Condon is also in Stormville. http://www.condonlumber.net/where.htm

These folks are in Ghent and Hudson.

http://www.ghentwoodproducts.com/home.htm

http://www.meltzlumber.com/home.htm


----------



## jim douglas (Feb 8, 2010)

Ask around for some small sawmill owners. Some of them have kilns & sell lumber. If you were closer to Ithaca NY I could help you with kiln dried hardwoods. I have a woodmizer mill & Kiln for small loads & the species varies. I have a load of red oak in the kiln now & some cherry & silver maple dry. 
good luck,
jim


----------



## knotscott (Nov 8, 2007)

Curtis has a lot of good choices, but being a full service dealer of pre-dimensioned stock, their prices are a little high. Watch the sales and coupons!

I've never been to this place, but have heard of Lakeshore Hardwoods in Pulaski, NY

There's a lot of timber up your way, it shouldn't be too hard to find a saw mill or rough sawn lumber dealer. You might see if you can find out who supplies Curtis. 

This link might help.... Woodfinder!


----------



## secutanudu (Oct 13, 2011)

Wow thanks everyone!


----------



## bkcprice1 (Jan 1, 2012)

Jim do you sell small quantities of wood?


----------



## chopnhack (Dec 16, 2007)

How about Niagara Lumber. They often advertise in the wood rags. He is outside of Buffalo.


----------



## Tom-G (Nov 11, 2012)

Lakeshore Hardwoods also has a location in downtown Syracuse.

In addition there is Memphis Hardwood Lumber 
www.memphishardwoodlumber.com in Memphis, NY about a 20 minute 
drive from downtown Syracuse. They carry rough sawn hardwood and can plane and square for an additional fee. 
I have purchased from Memphis many times. Paul (the owner) is normally there and is very knowledgable on the various woods.


----------



## jim douglas (Feb 8, 2010)

bkcprice1, 
Yes I sell small quantities of hardwood. 
Jim


----------



## BA in Saratoga (Feb 7, 2019)

I use Northern Hardwoods Lumber Corp in Lake George. Good supply and good pricing. Nice people that help you out or even let you browse


----------



## Packard (Jul 27, 2018)

Brink said:


> Condon is also in Stormville. http://www.condonlumber.net/where.htm
> 
> These folks are in Ghent and Hudson.
> 
> ...


I don't think that the Stormville location is an actual retail outlet. I live closer to Stormville, but I've always been told to visit White Plains. 

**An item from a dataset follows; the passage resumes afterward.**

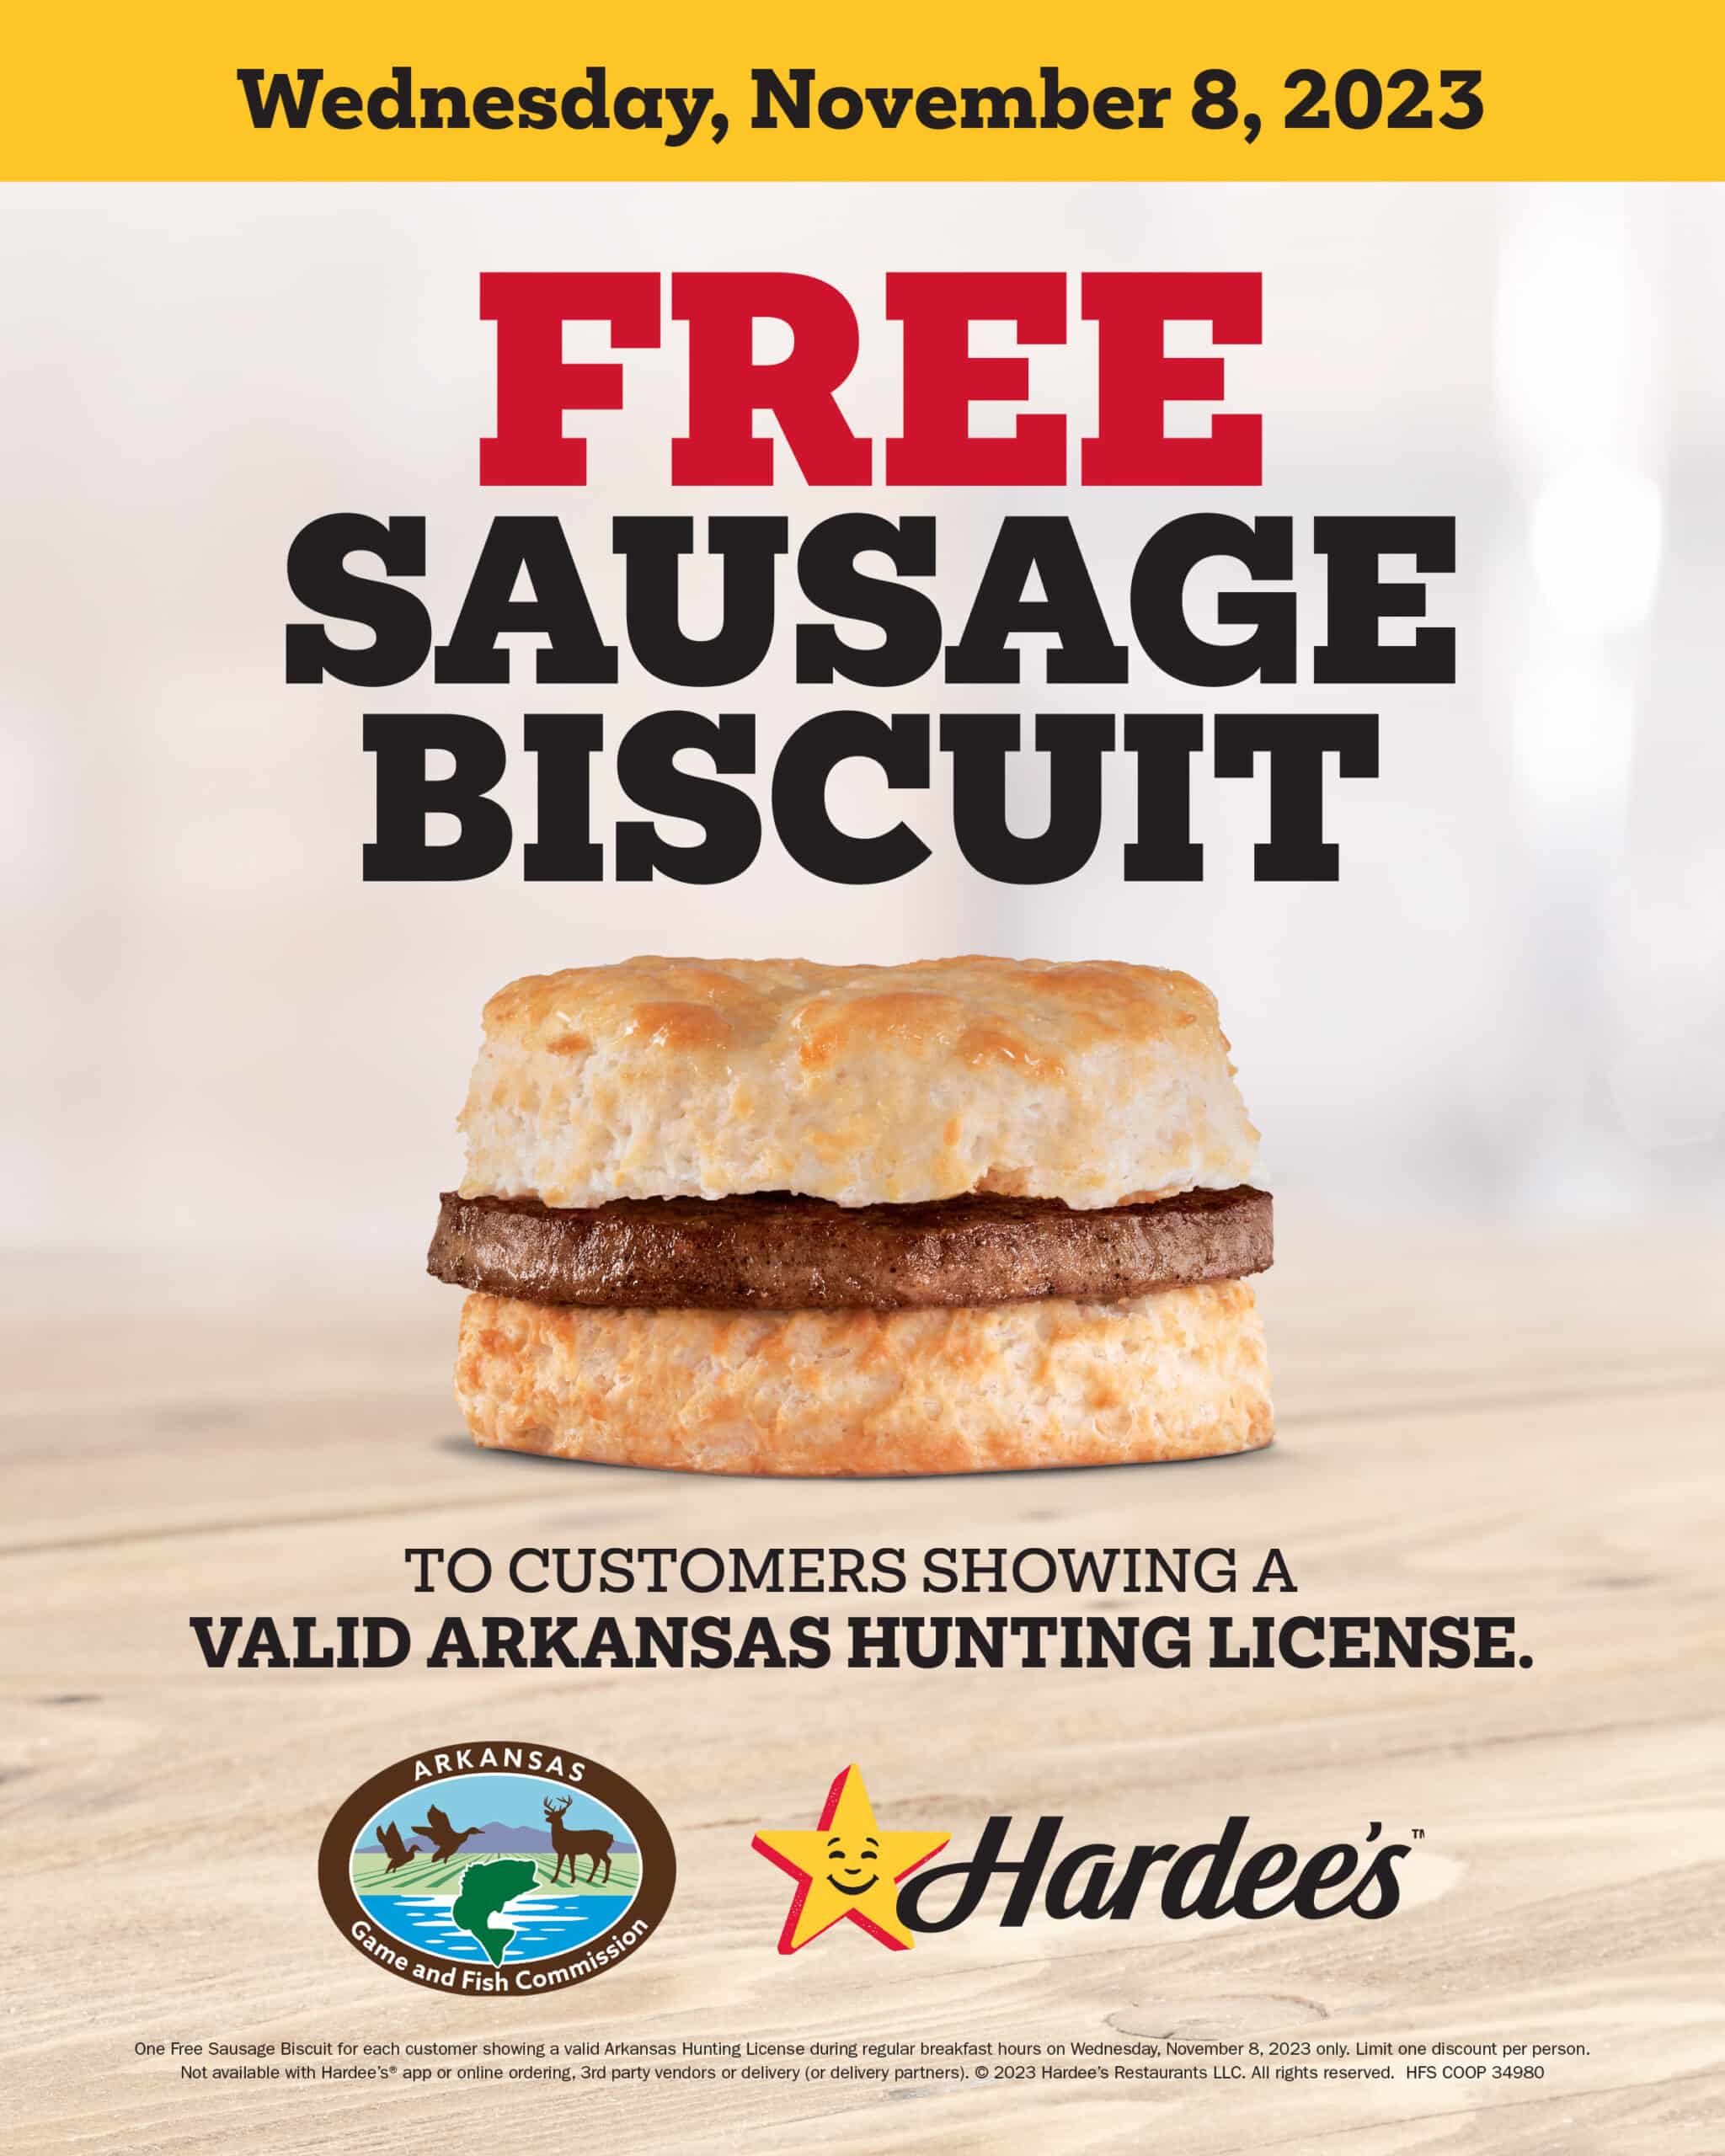 What Time is Breakfast Over at Hardee's? Don't Miss Out!

They have pretty much everything you want. A solid 2 hour drive from Albany though. With a break it would probably be 2½ hours each way. Stormville would be about 1 hour closer if they allow you to pickup there.

Valente Lumber is much closer. I found them on the Internet and I have no recommendation one way or the other. About 20 minutes from Albany.

https://www.valentelumber.com/lumbe...ut/beech/cedar/birch/butternut/hickory/poplar


----------